PAKISTAN: $500 million package sought to restructure power sector

20 March 1998
NEWS

The government plans to raise $500 million through help packages from the World Bank, the Asian Development Bank and loans from local banks to transform the power sector into a commercially viable, competitive and profitable entity, Javed Burki, secretary of economic affairs at the Finance Ministry, told MEED on 5 March.

Talks are currently under way with the two international banks for the financing of the restructuring process aimed at reducing losses and increasing output and efficiency of the Water and Power Development Authority (WAPDA) and the Karachi Electric Supply Corporation (KESC).

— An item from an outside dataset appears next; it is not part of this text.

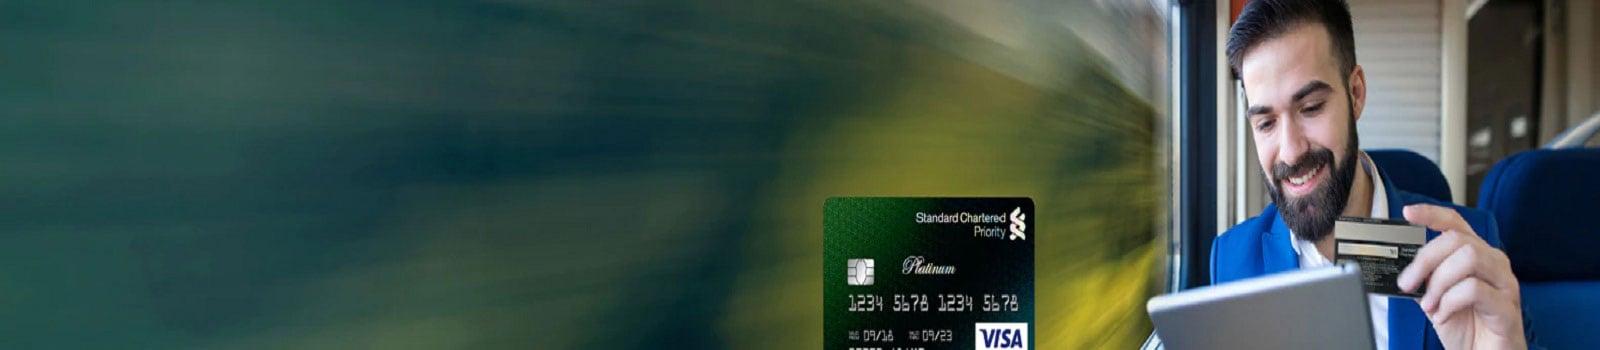 Priority Banking Debit Card

Burki said WAPDA will be divided into eight distribution, three generation and one transmission unit which will pave the way for its privatisation. 'WAPDA's finance committee is in talks with local banks to arrange loans, while the options of a bond issue and increasing the tariffs may also be exercised to raise the funds,' he said.

WAPDA's line losses, estimated at over 20 per cent are some of the highest in the world and are resulting in huge revenue losses. 'WAPDA was not created to produce thermal power. Its job was to build and run irrigation dams and canals. Somehow along the way, it started doing something [producing power] it was not structured to do. We want to restructure it so that it can play its original role,' Burki said.